April 6, 2017 - Most years start off with more demand than supply. 2017 was no different in style, but was rather larger in scope. ThomsonReuters LPC, S&P/LCD and LevFinInsights (LFI) all documented a primary loan market that was awash with liquidity – and thus inundated with repricings, reverse flex, falling spreads and softening structures. So, business as usual.
First, the stats. (Warning: Each shop has slightly different data collection methodologies and hence different statistics, but the trends generally align.) All agree that the quarter was dominated by repricing or refinancing activity. As the chart demonstrates, LCD tracked $170 billion repricings done via amendment and $225 billion of total repricings. All told, LFI calculated that more than one-quarter of outstanding loans repriced. At an average spread cut of 64 bps, this means the repricing wave took 16 bps off the average spread in their Index.
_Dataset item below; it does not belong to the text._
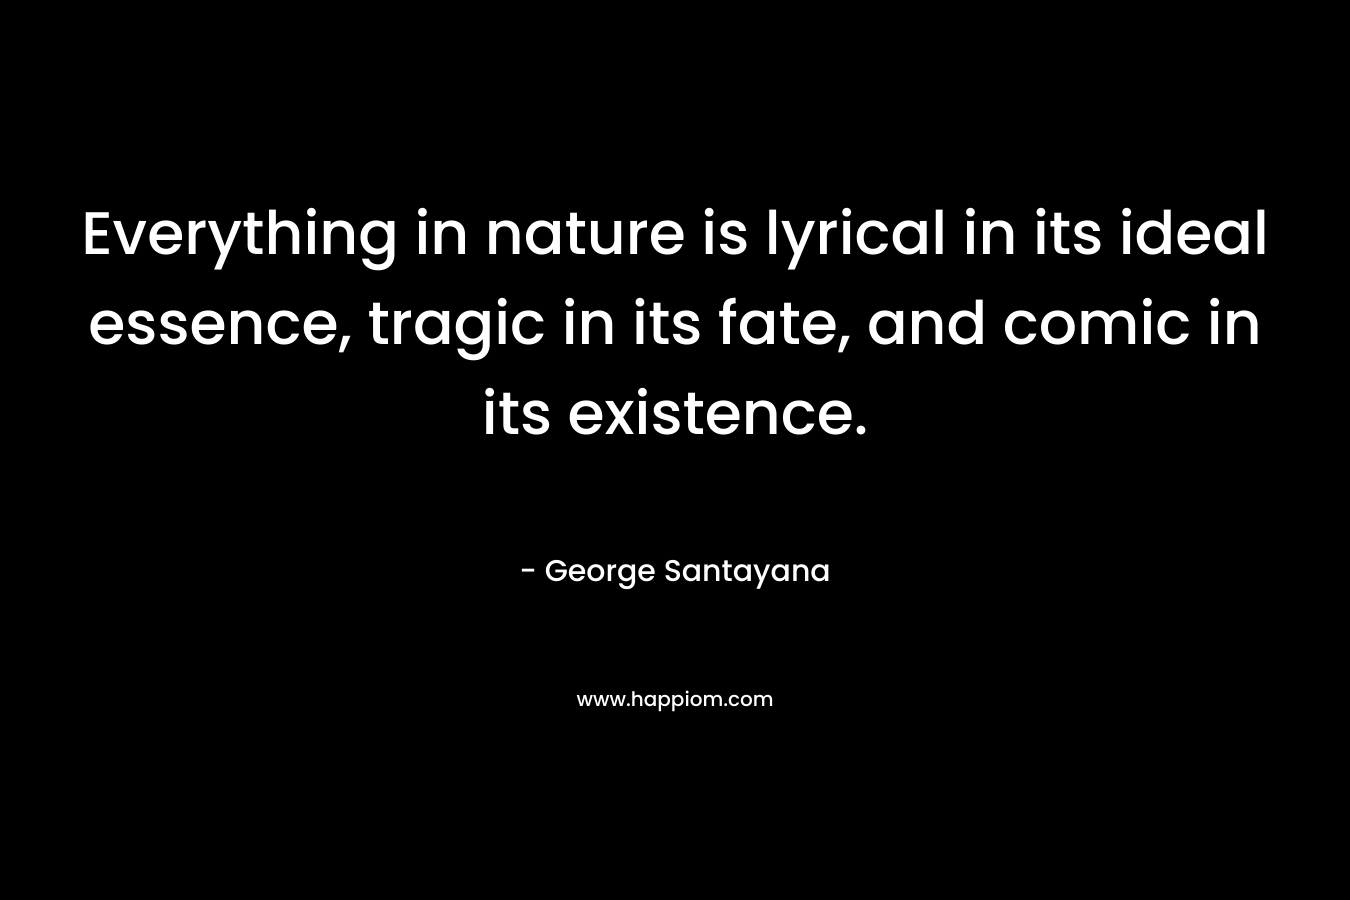 Everything in nature is lyrical in its ideal essence, tragic in its fate, and comic in its existence. – George Santayana

But all that repricing doesn’t mean there was no real new issue. In fact, LCD tracked $28 billion of LBO lending and $53 billion of non-LBO lending; all told this is up 24% from 1Q16. But, unfortunately, so were paydowns. The biggest example is Broadcom, with its $6.6 billion paydown, LFI commented. As a result, real supply was anemic: the S&P/LSTA Index bounced around the $876-881 billion context at quarter-end, leaving it basically flat relative to year-end 2016.
Demand, however, was anything but flat. As TR-LPC charted on slide 39 of its Leveraged Loan Monthly, after a slow start, CLO issuance topped $17 billion for the quarter, while loan mutual fund inflows added another $12 billion to demand. (SMA demand slowed a bit in the quarter, but remained solid, LFI added.) So, needless to say, spreads continued to fall. TR-LPC calculated that the average institutional yield was 4.46% in first quarter, hovering around 13-year lows. Moreover, 23 tranches cleared at LIB+200, some with step-downs to LIB+175, LFI noted.
But of course spreads weren’t the only casualty of the supply-demand imbalance. Structure continued to soften, with CovenantReview reporting that i) 82% of institutional loans were covenant lite, ii) 34% of non-repricing loans cleared with an MFN sunset, iii) “free-and-clear” dollar caps rose to 0.79x in first quarter, iv) soft-call carveouts abounded, and v) 31% of 1Q17 loans cleared with a ratio-based step-down for asset sale sweeps. Whew.
Clearly – and unlike a year ago – issuers held absolute power in 1Q17. But what does second quarter have on tap? According to Slide 31 of TR-LPC’s 2Q17 Preview, 56% of poll respondents said the institutional calendar will remain the same, with a mix of M&A and refis. So, buckle up, 1Q17 trendlines might continue.